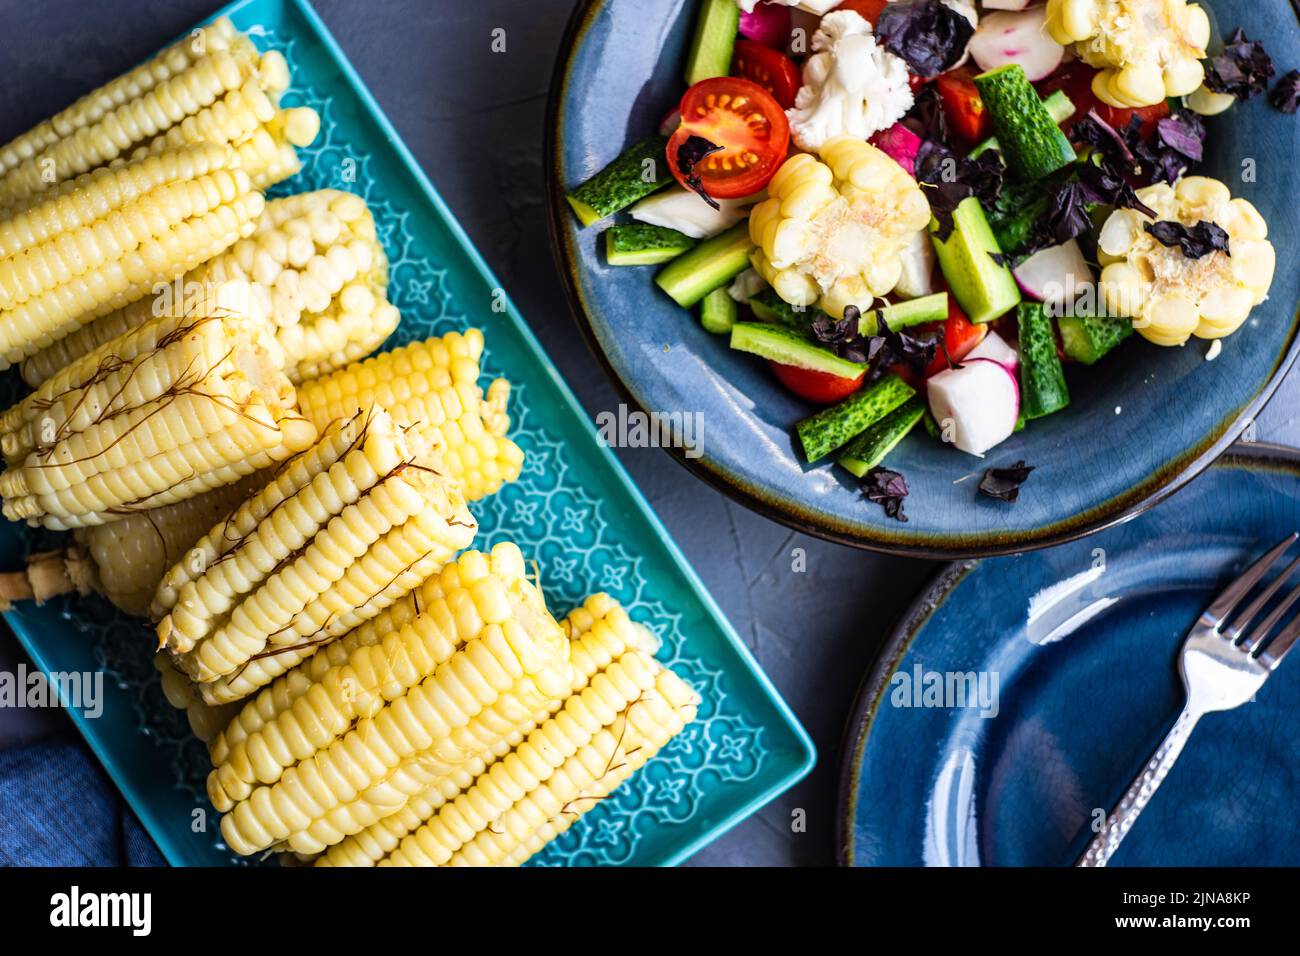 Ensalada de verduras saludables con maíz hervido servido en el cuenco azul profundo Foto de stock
|---|
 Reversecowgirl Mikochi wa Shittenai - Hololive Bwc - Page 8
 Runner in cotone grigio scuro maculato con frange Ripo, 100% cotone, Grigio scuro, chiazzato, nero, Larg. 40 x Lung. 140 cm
|---|
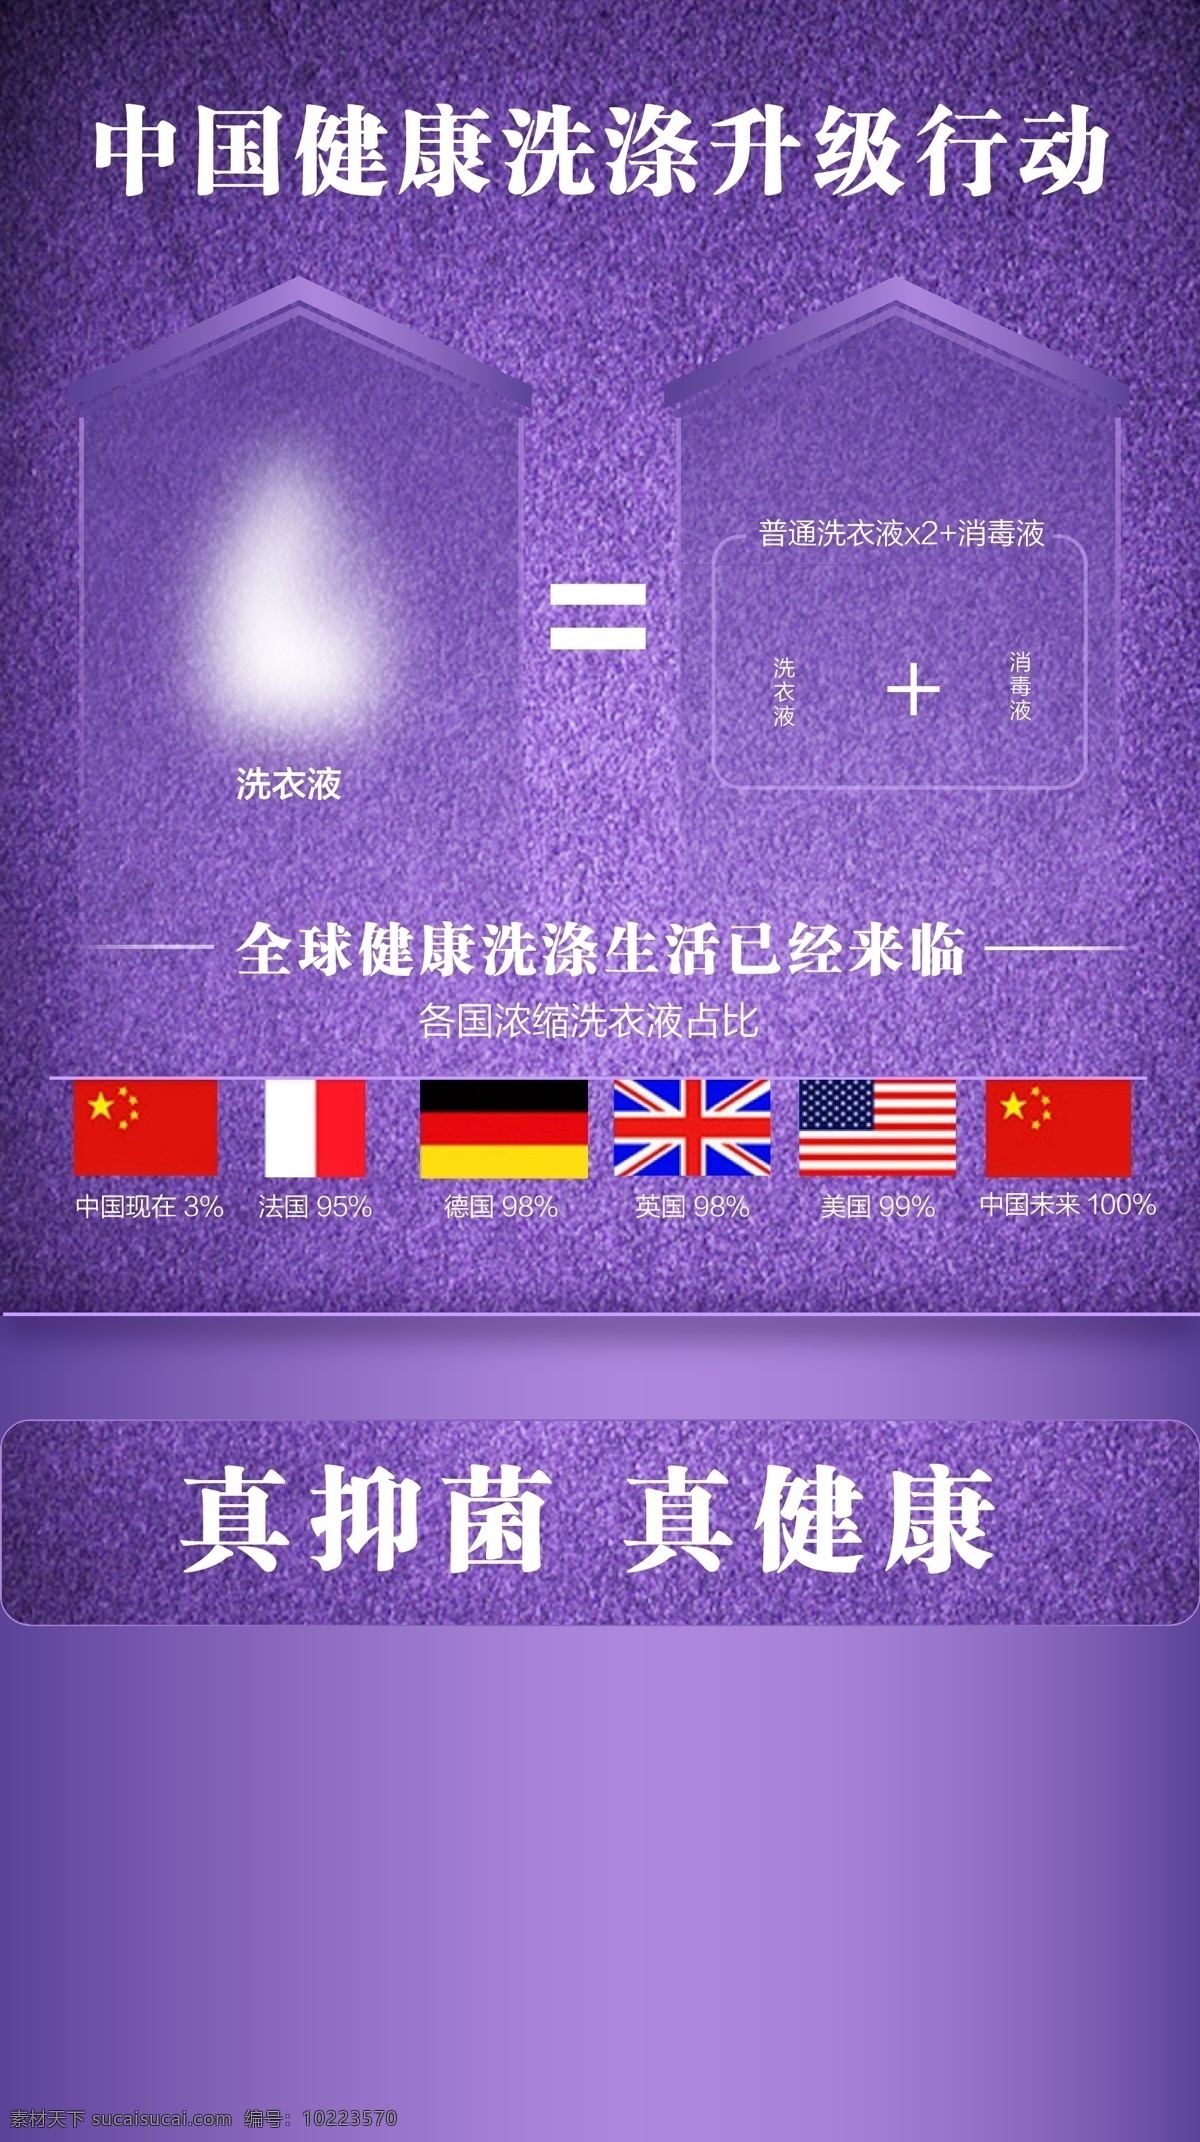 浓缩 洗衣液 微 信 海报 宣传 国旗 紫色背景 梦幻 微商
|---|
THE PROBLEM ▸ Among the entries above, the line containing "Reversecowgirl Mikochi wa", the line containing "Runner in cotone", and all lines between them are to be restated word for word; nothing else belongs in the reply.

EXERCISE SOLUTION ▸
 Reversecowgirl Mikochi wa Shittenai - Hololive Bwc - Page 8
 Runner in cotone grigio scuro maculato con frange Ripo, 100% cotone, Grigio scuro, chiazzato, nero, Larg. 40 x Lung. 140 cm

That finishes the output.